• **What is needed**: In the records below, find the line that contains "Makita G12010R manual" and the line that contains "790333-LAMP COLORED B-22, 110-120V 60W RED". Set down exactly those lines and every line between them, and nothing more.

• **Provided records**:
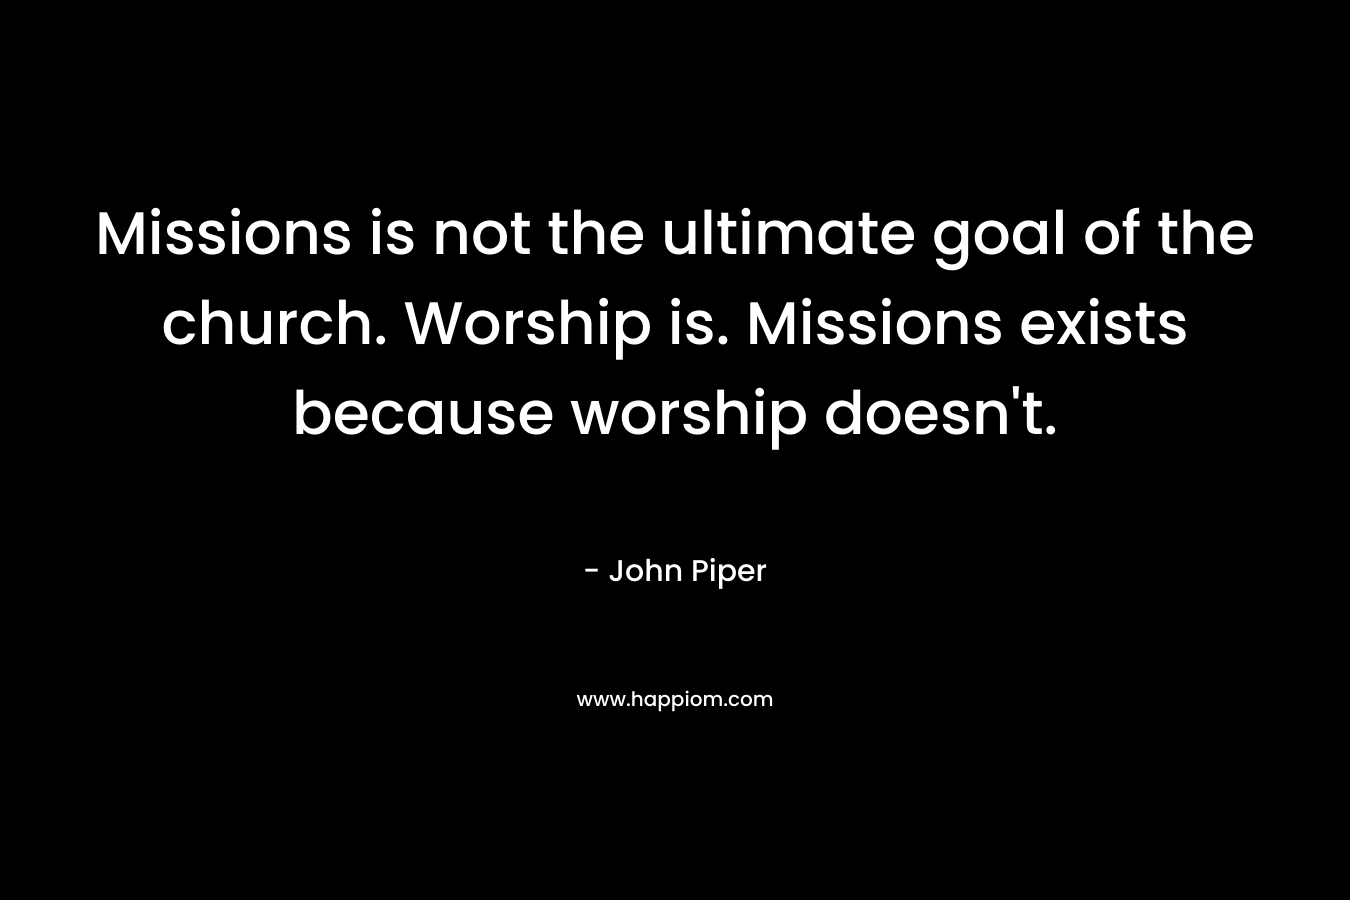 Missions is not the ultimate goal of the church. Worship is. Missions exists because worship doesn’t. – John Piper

==

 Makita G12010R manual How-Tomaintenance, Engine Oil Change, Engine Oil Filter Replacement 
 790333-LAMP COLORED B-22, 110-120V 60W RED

==

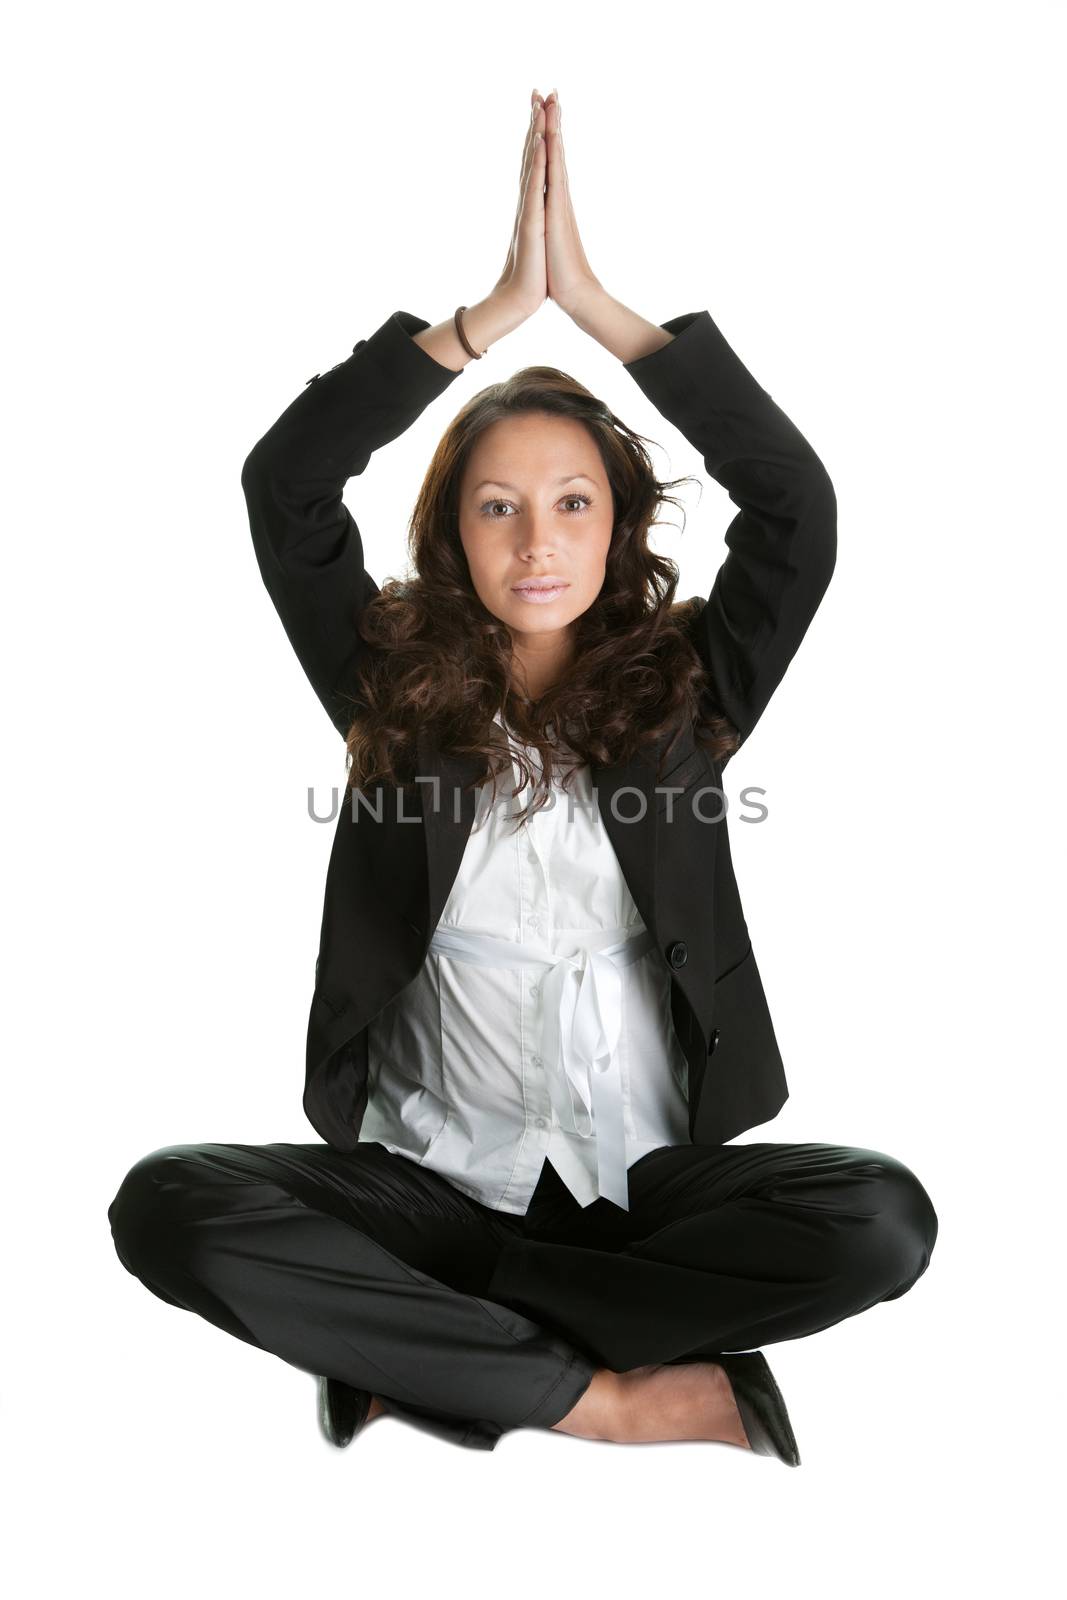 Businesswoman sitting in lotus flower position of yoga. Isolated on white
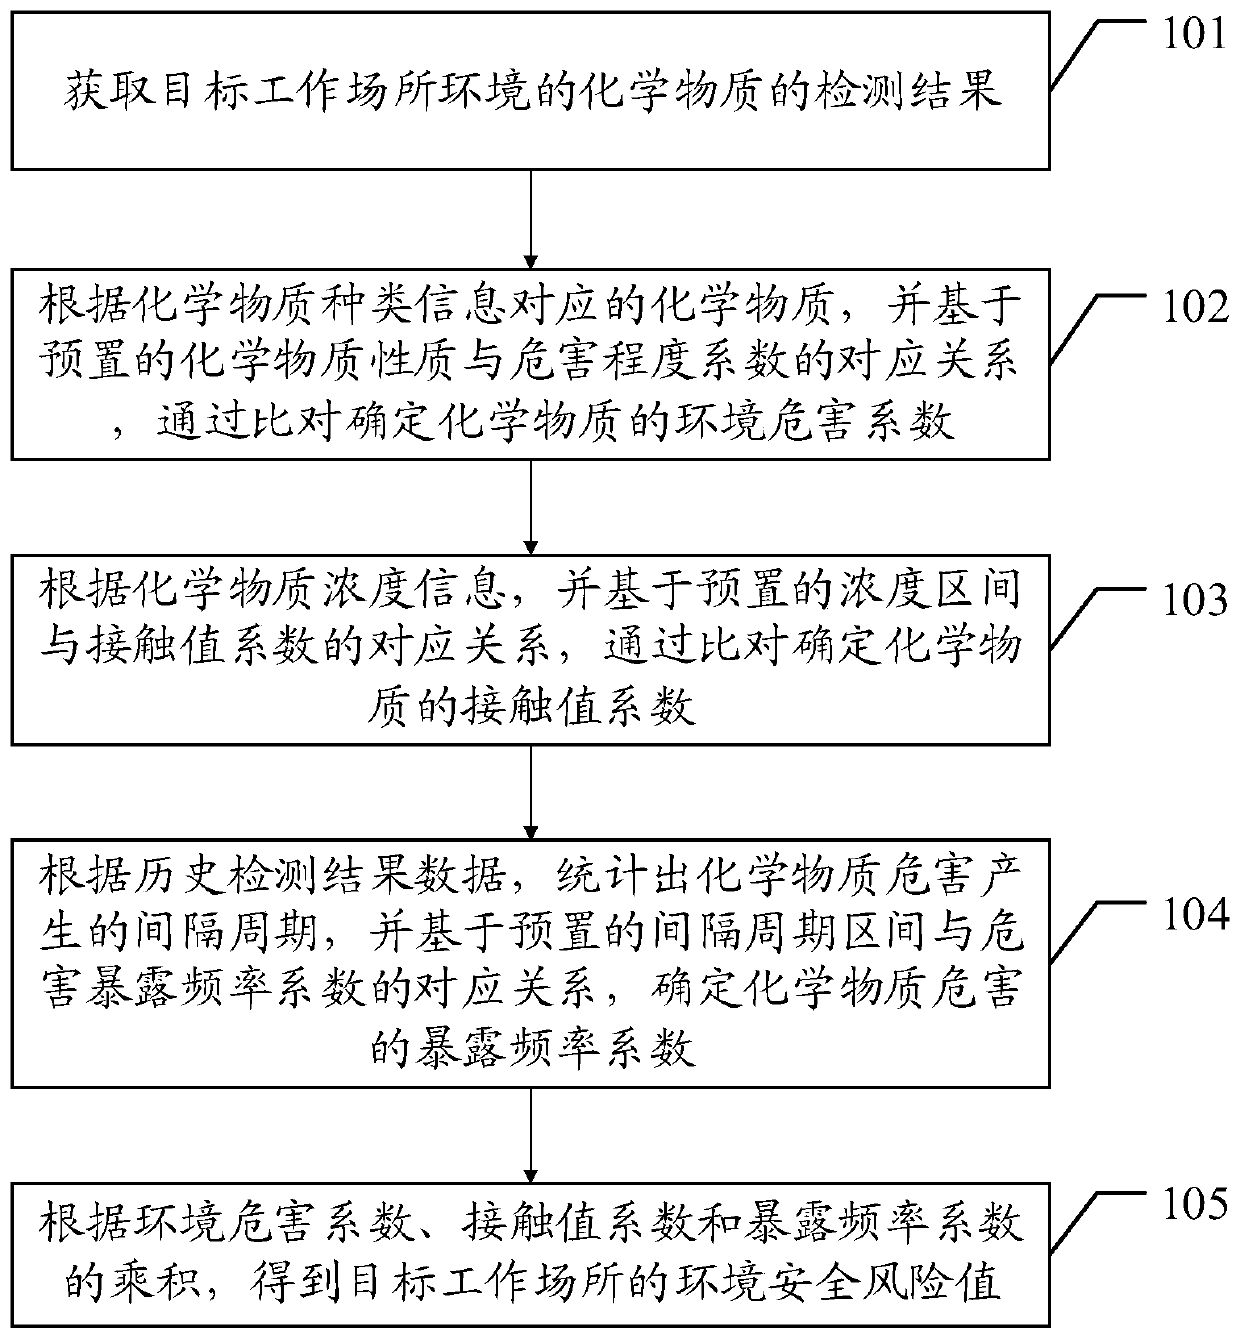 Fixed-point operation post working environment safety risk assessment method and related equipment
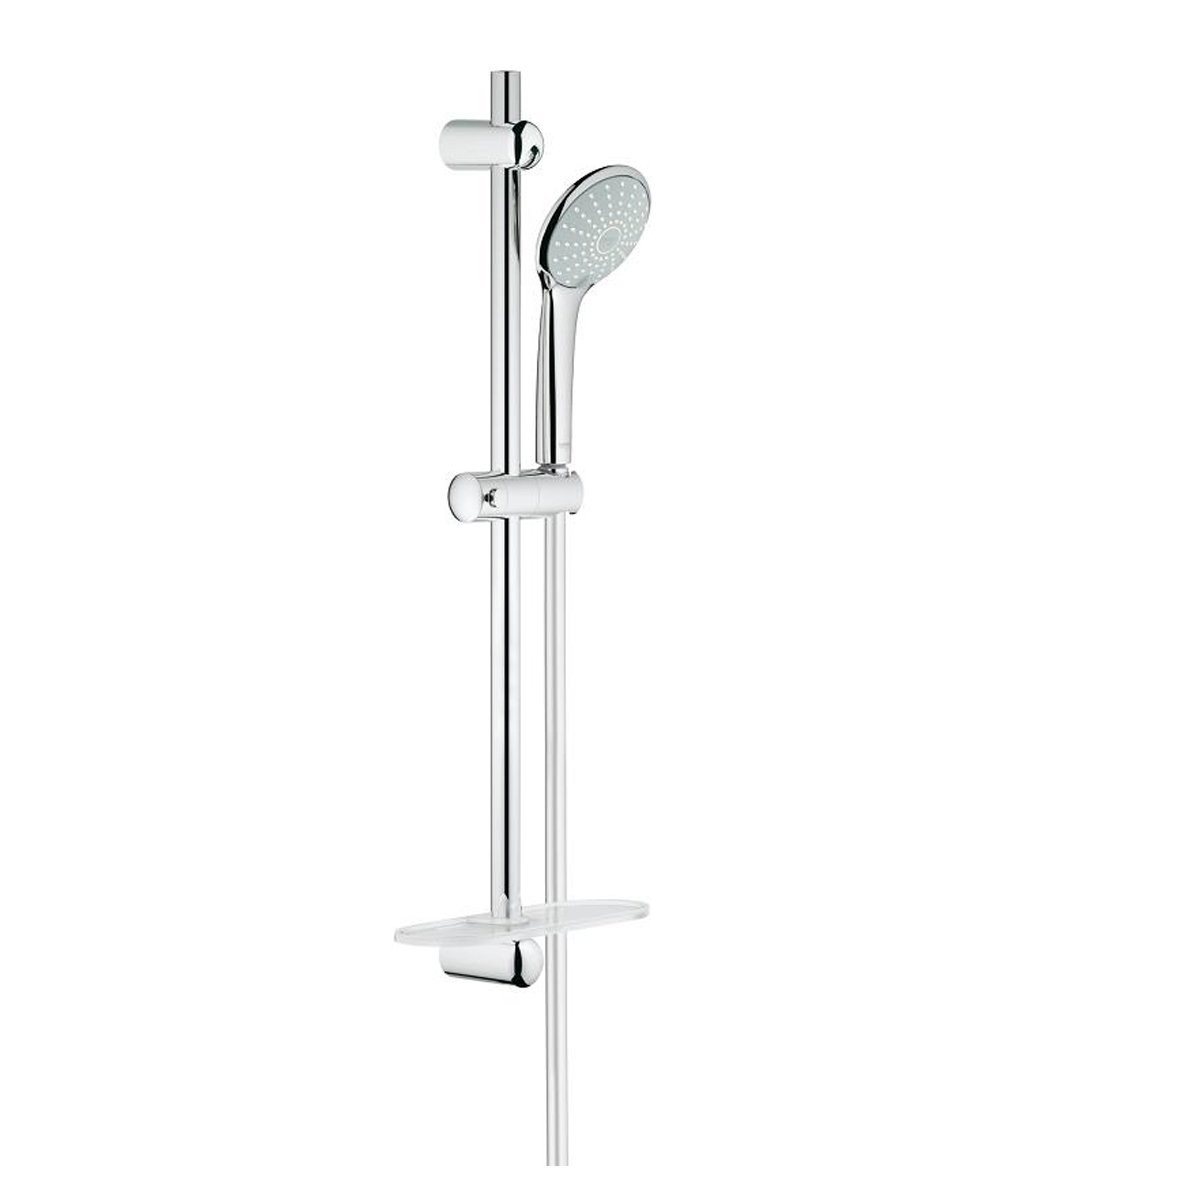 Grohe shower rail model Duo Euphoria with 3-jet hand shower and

• **Solved problem**:
 Makita G12010R manual How-Tomaintenance, Engine Oil Change, Engine Oil Filter Replacement 
 790333-LAMP COLORED B-22, 110-120V 60W RED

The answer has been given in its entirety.